The Longest Now

Supersimultaneity – piling up of events
Tuesday June 29th 2004, 9:05 pm
Filed under: poetic justice

So, there are hours and days and weeks and months where nothing happens. Or where things endeavour to happen but never in any sharply time-delimited fashion. And there are weekends when fifteen different crucial things happen, all magically fitting together, and 90-hour stretches when there isn’t enough time to catch a breath or sleep. And sometimes there are four-hour periods during which five or six different unreschedulable nonrefundable irreplaceable events take place — in the middle of a week in which no others do. Is this a natural property of life? A quality of certain environments? A taste of karmic circumstance? I can’t be the only one to whom this happens; fess up.

failure modes
Saturday June 26th 2004, 11:15 am
Filed under: indescribable

I’d like to spare a few words to address failure modes in nature, life, and society. Occasions when great potential vanishes, powerful forces cancel eachother out, or metastable situations shift suddenly, with speed and force. Suggest a few of your own…

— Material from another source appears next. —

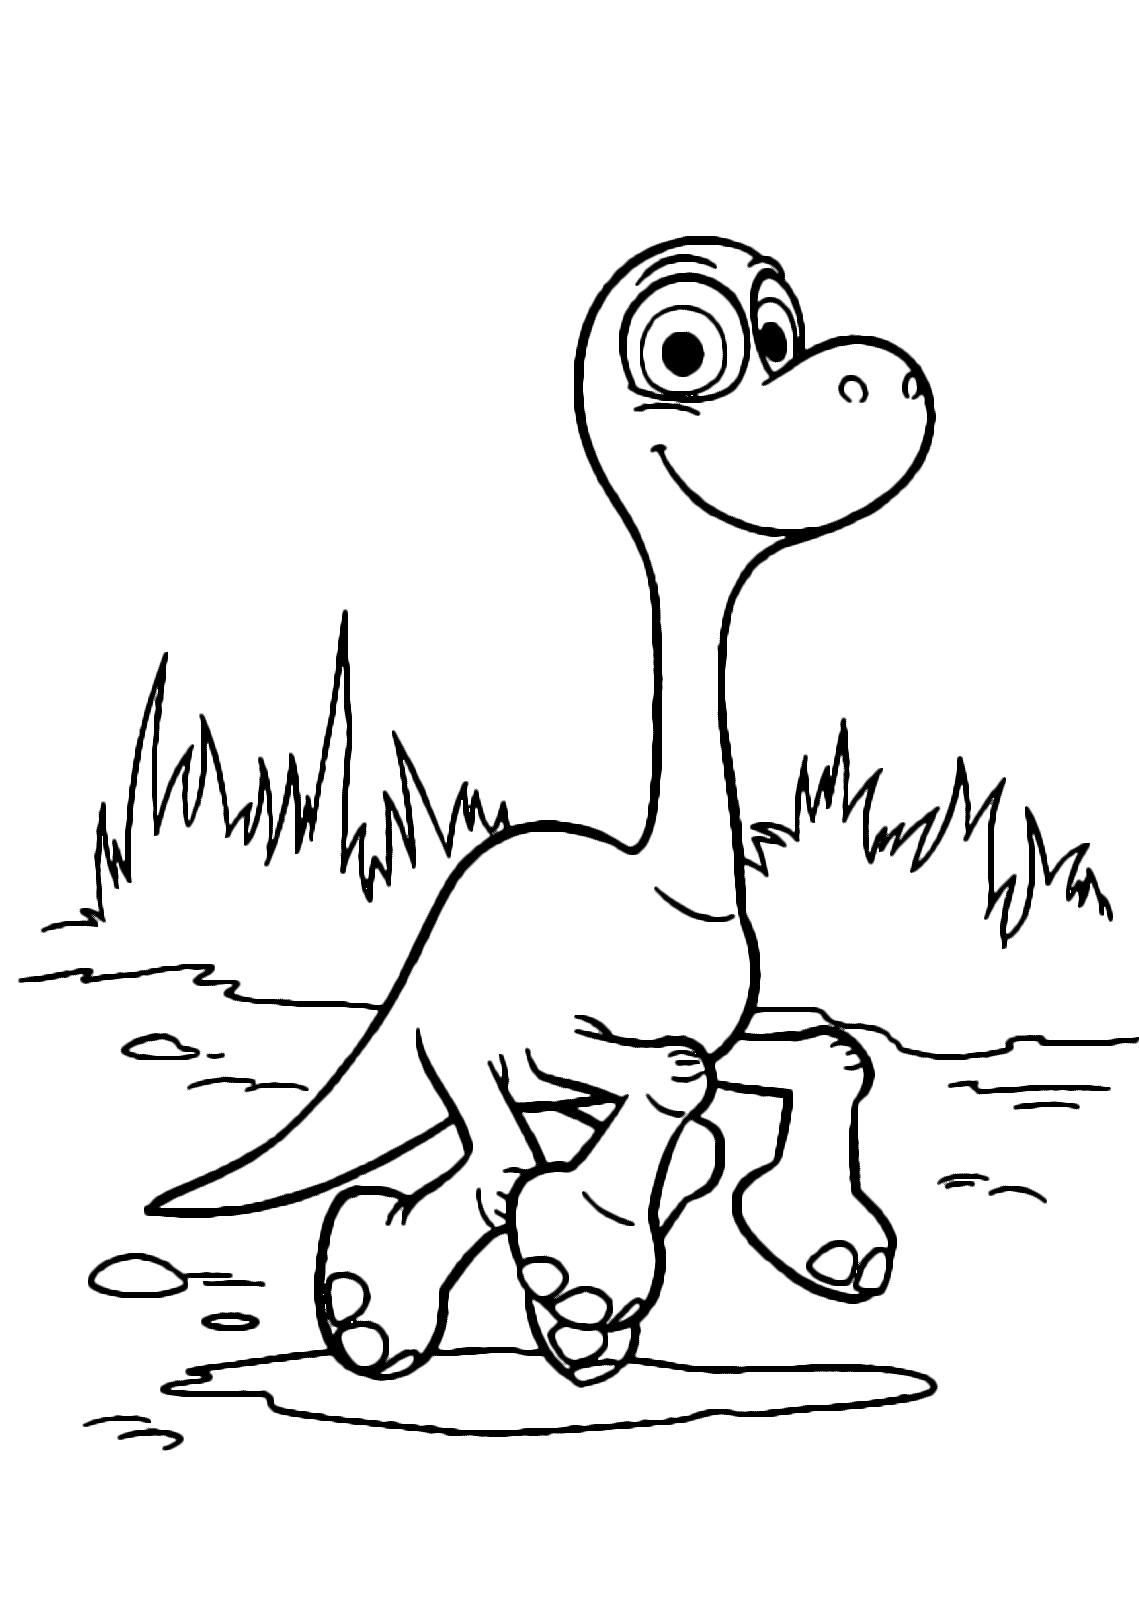 The Good Dinosaur - Little Arlo walks happy

It’s interesting to note the difference between a ‘positive’ dramatic shift, and a philosophical ‘failure mode’ — from the perspective of a cool-headed system of dynamic equations, they are mirror images of one another; run time backwards and you get the other kind of shift. On the other hand, in all but the most fundamental natural shifts, these two look very different… flash-freezing of a waterfall, or the spontaneous creation of order — the conversion of a mass of identical slime mold cells into a large, functional, three-dimensional sporophyte over the course of hours — feels very different to me than an avalanche, the cataclysmic collapse of land above a fault line, or the eruption of a volcano.

But not all failure modes are bad; they are merely modes which produce the “failure” of an equilibrium, despite — perhaps too quickly for — normal equilibrium forces that would counteract such change.

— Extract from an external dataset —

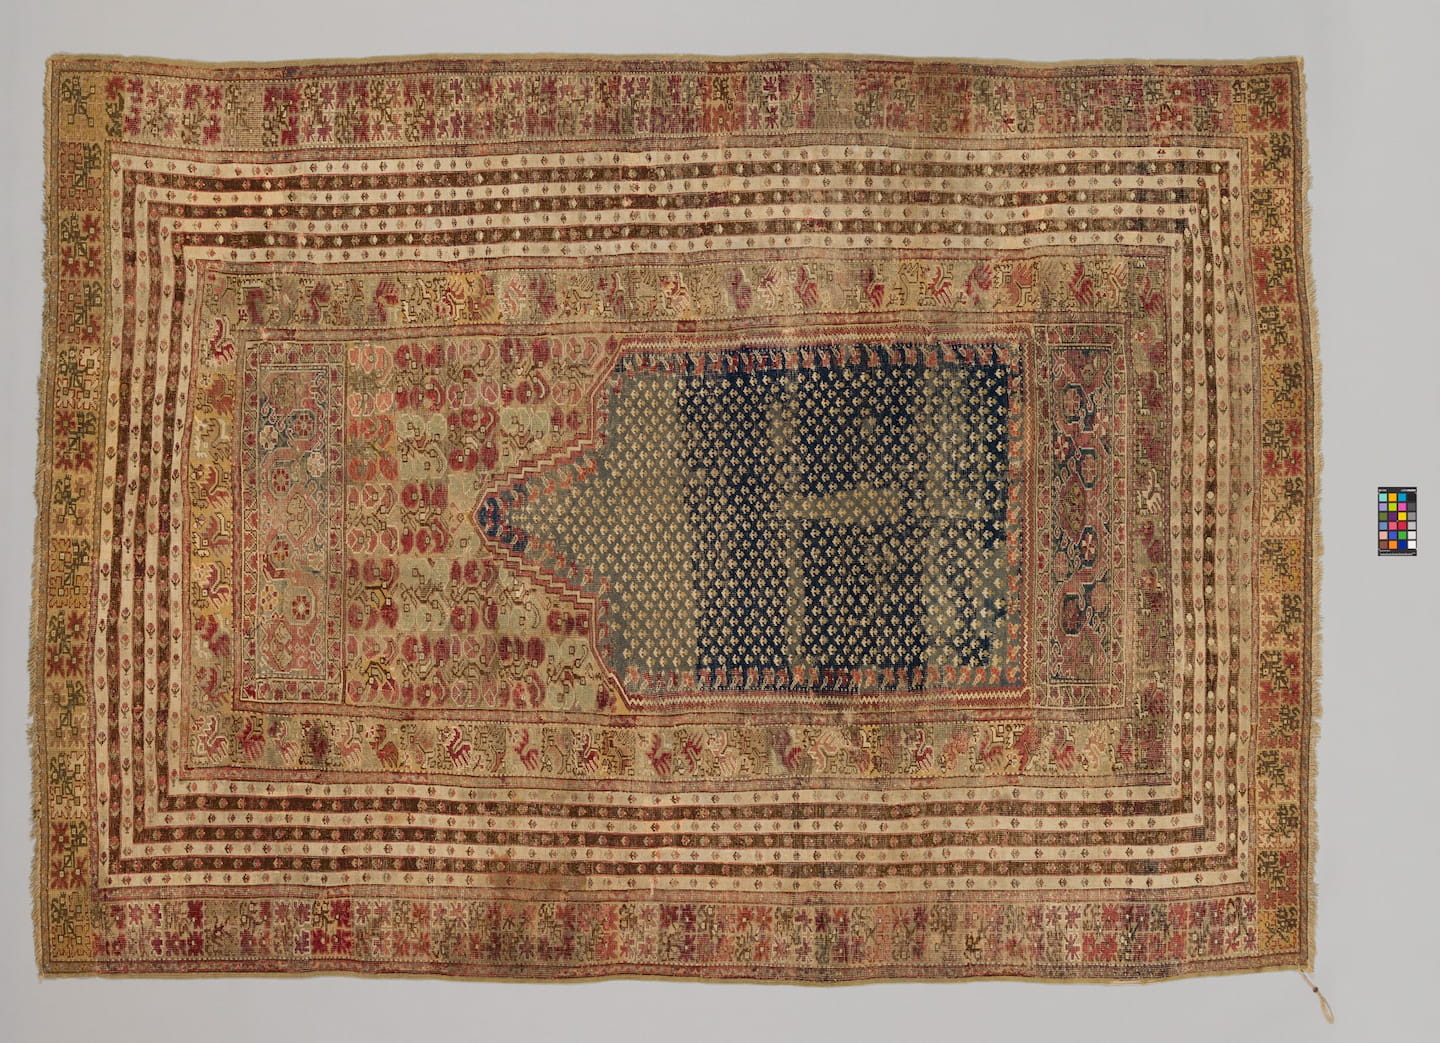 TAPIS À DÉCOR DE NICHE Turquie 1850-1900 Laine et coton Musée Bargoin, Clermont Auvergne Métropole © Florent Giffard

  • Nature – cascade effects (minor tipping points, hundredth monks), strongly polarized equilibria (tectonic shifts [ice ages?], atmospheric shifts), chaotic ‘equilibria’ (many-body states, multiple-attractors, Earth’s magnetic field)
  • Life – sudden zeal; sudden repulsion; suicide (outside of society, as opposed to say hari-kari; by the talented and powerful), death by shock, primogenesis
  • Society – quick meme transmission (witch hunts, the children’s crusade & other youth brigades, modern Japan clothes trends), collapse of good ‘sustainable’ organizations (Greco-Roman theology), traditions, species (var.; ‘need for change’?)

dismissal of detail
Thursday June 17th 2004, 4:14 am
Filed under: null

somewhere beyond inattention to, yet before ignorance or exclusion of, there is dismissal of detail, in a performance, rendition, analysis, or original work. by this I mean detail is recognized, but presumed broadly irrelevant to the work, and whether or not it is present in any particular aspect of the work is subject to the whims of the creator, or to chance.

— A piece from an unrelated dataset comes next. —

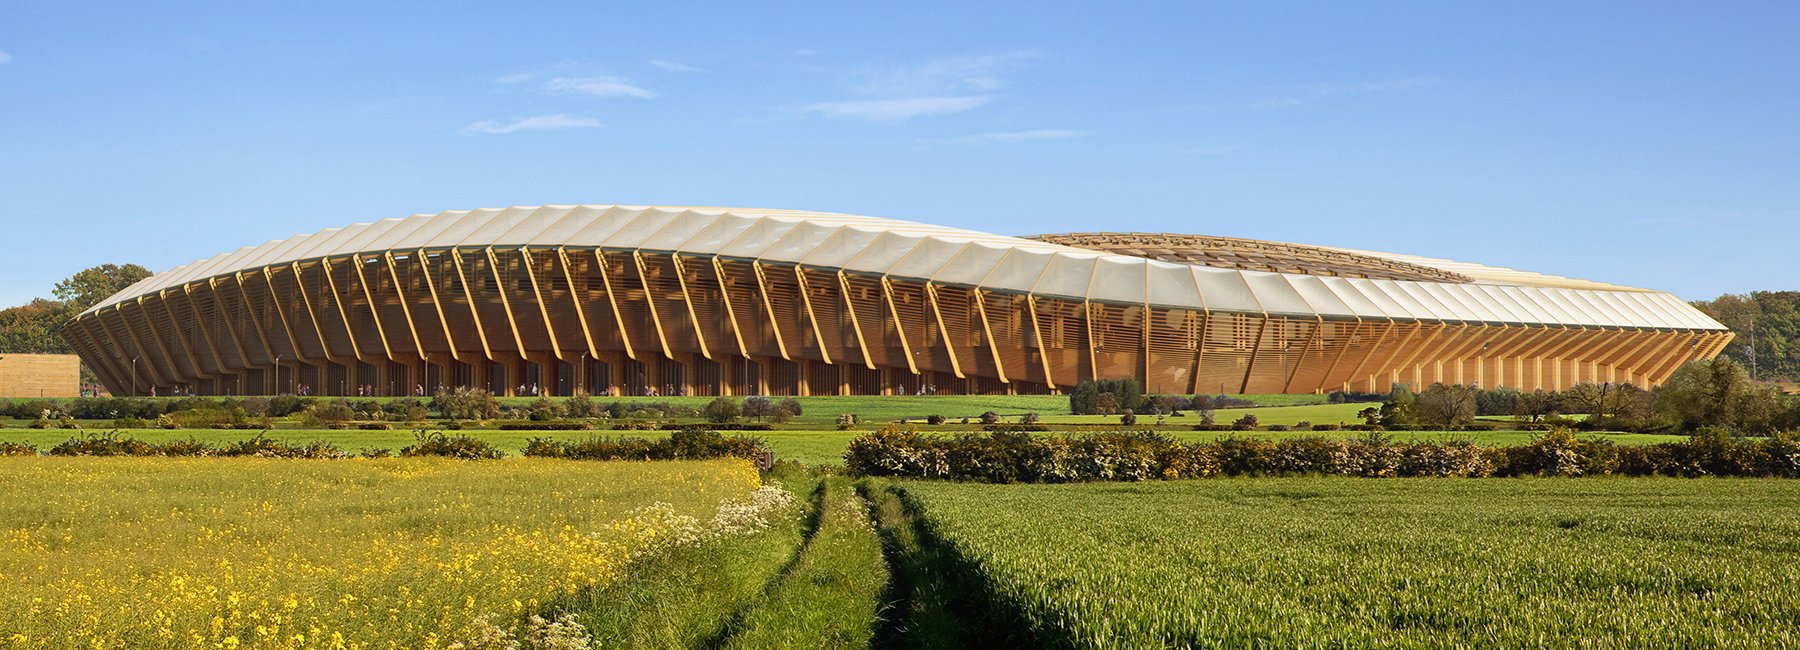 世界上第一个全木体育场---扎哈·哈迪德建筑事务所

such is the gloss given to rowling‘s text by the latest harry potter flick… wantonly meticulous in places – as only a rich, spoiled film can be – yet with more disjointed gaps in continuity, character personality, and character intention, than I can count on both hands.
It is hardly worth mentioning the absence of both charm and meaning in the opening and closing scenes, or the negative effect of the B-movie score. The sparseness of dialogue, however, and of scenes with any powerful acting, was stunning – considering the film’s rushed feel and the talent of its cast.

News vectors
Tuesday June 08th 2004, 10:11 am
Filed under: indescribable

Theh only news item in the past four months that I can remember hearing people discuss for days afterwards, tell eachother about, talk about experiences with… is the news of Reagan’s death. Why?

torontoans, united
Thursday June 03rd 2004, 10:24 pm
Filed under: fly-by-wire

In Toronto this weekend. Three cheers for Canada… and Quebec. Welcome back, Boston!